172 Serving Your Customers
Customizing Web Server Error Messages
When visitors coming to a site request pages that the web server cannot find, the web
server generates and displays a standard HTML page with an error message. The
standard error messages may inform of problems, but they do not usually say how to
resolve them or how to get the lost visitor on his way, and they also look dull.
You may want to create your own error pages and use them on your web server. With
Plesk you can customize the following error messages:
400 Bad File Request. Usually means the syntax used in the URL is incorrect (for
example, uppercase letter should be lowercase letter; wrong punctuation marks).
401 Unauthorized. Server is looking for some encryption key from the client and is not
getting it. Also, wrong password may have been entered.
403 Forbidden/Access denied. Similar to 401; a special permission is needed to access
the site - a password and/or username if it is a registration issue.

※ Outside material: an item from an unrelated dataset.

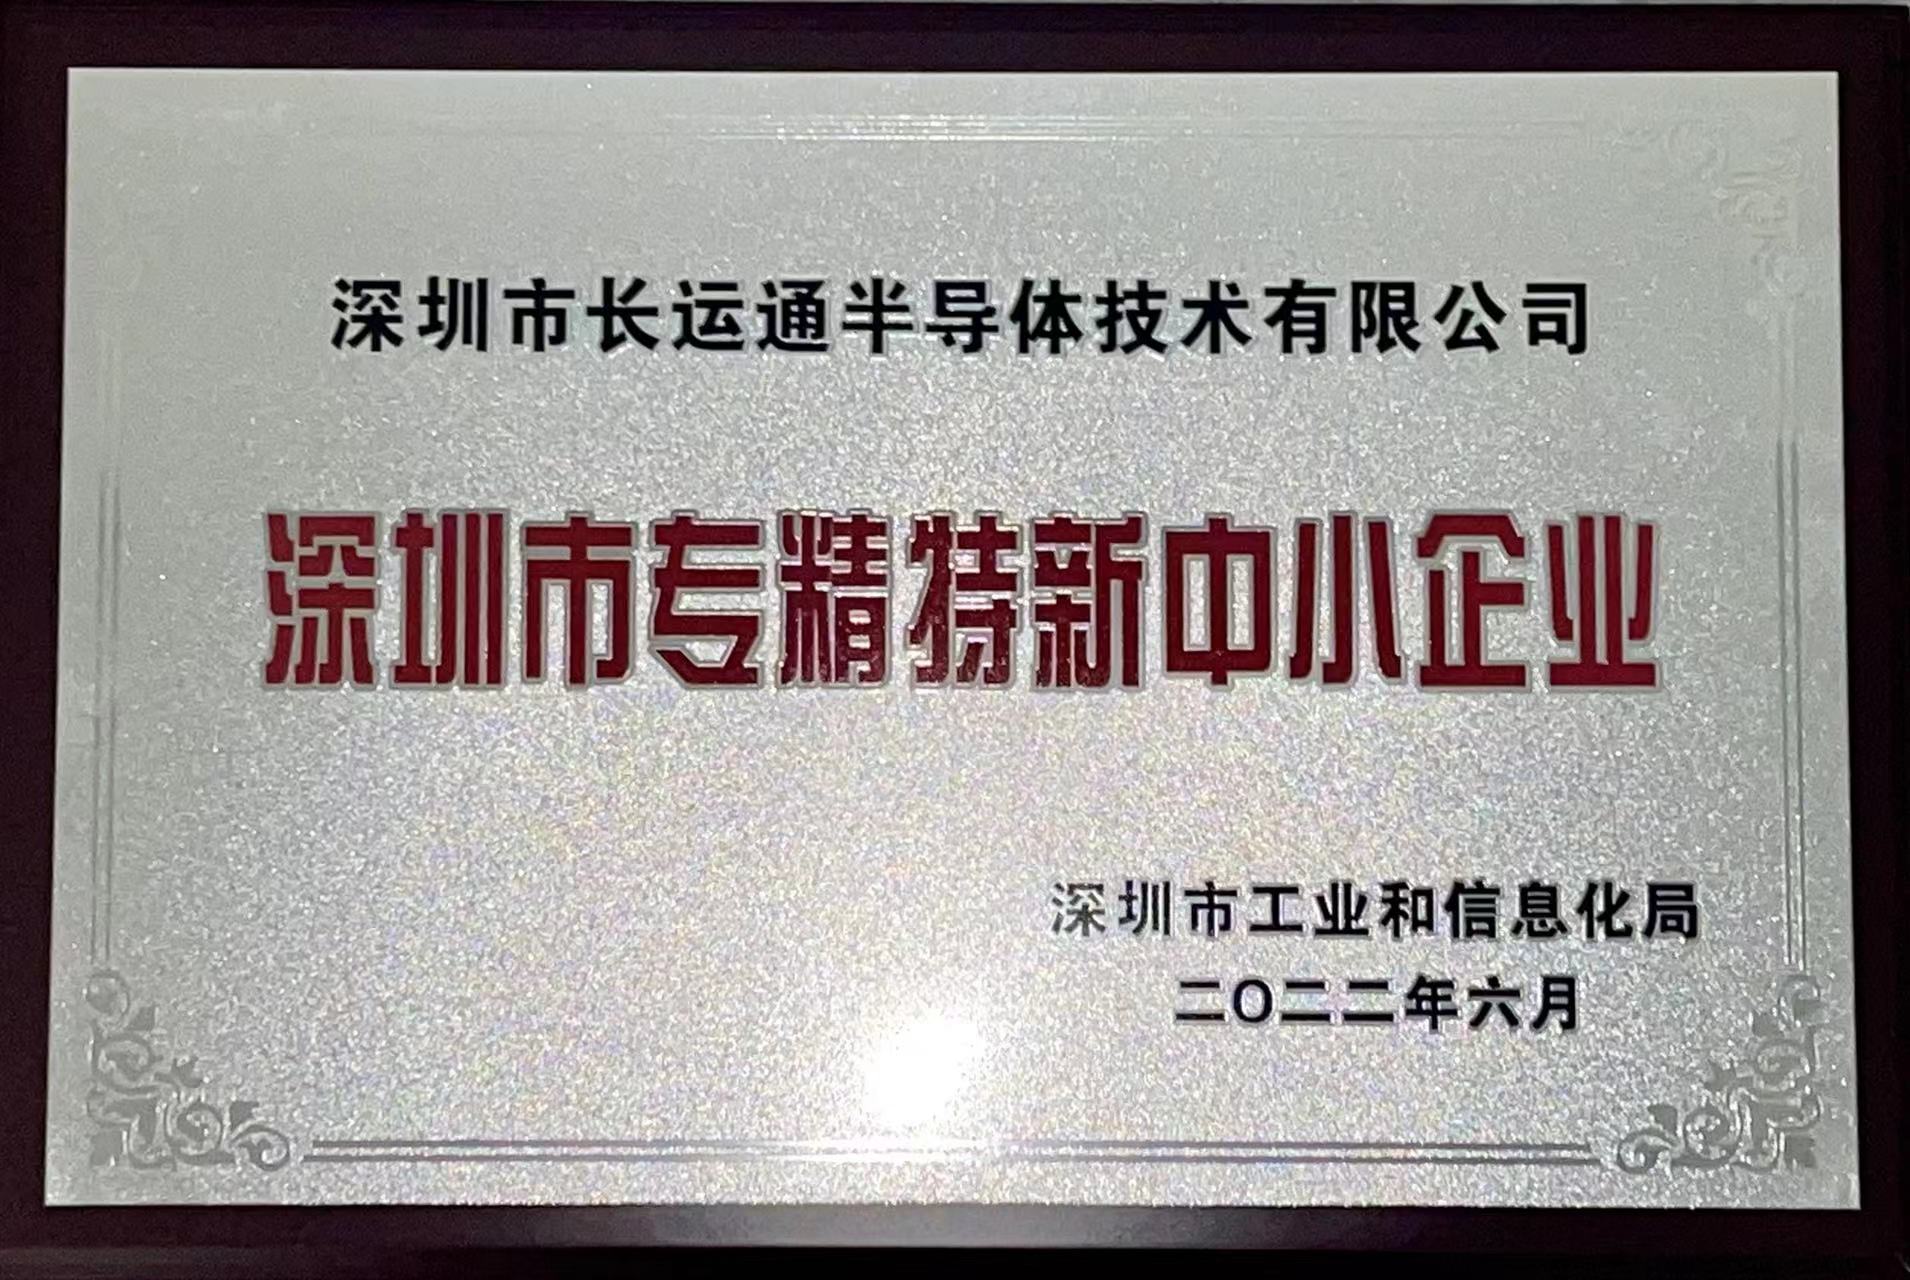 热烈祝贺我司荣获“深圳市专精特新中小企业” 认证

404 Not Found. Server cannot find the requested file. File has either been moved or
deleted, or the wrong URL or document name was entered. This is the most
common error.
405 Method Not Allowed. The method specified in the Request-Line is not allowed for
the resource identified by the Request-URI.
406 Not Acceptable. The resource identified by the request is only capable of
generating response entities which have content characteristics not acceptable
according to the accept headers sent in the request.
407 Proxy Authentication Required. This code is similar to 401 (Unauthorized), but
indicates that the client must first authenticate itself with the proxy.
412 Precondition Failed. The precondition given in one or more of the request-header
fields evaluated to false when it was tested on the server. This response code
allows the client to place preconditions on the current resource metainformation
(header field data) and thus prevent the requested method from being applied to a
resource other than the one intended.
414 Request-URI Too Long. The server is refusing to service the request because the
Request-URI is longer than the server is willing to interpret. This rare condition is
only likely to occur when a client has improperly converted a POST request to a
GET request with long query information, when the client has descended into a URI
"black hole" of redirection (e.g., a redirected URI prefix that points to a suffix of
itself), or when the server is under attack by a client attempting to exploit security
holes present in some servers using fixed-length buffers for reading or manipulating
the Request-URI.
415 Unsupported Media Type. The server is refusing to service the request because
the entity of the request is in a format not supported by the requested resource for
the requested method.
500 Internal Server Error. Could not retrieve the HTML document because of server-
configuration problems.
501 Not Implemented. The server does not support the functionality required to fulfill
the request. This is the appropriate response when the server does not recognize
the request method and is not capable of supporting it for any resource.
502 Bad Gateway. The server, while acting as a gateway or proxy, received an invalid
response from the upstream server it accessed in attempting to fulfill the request.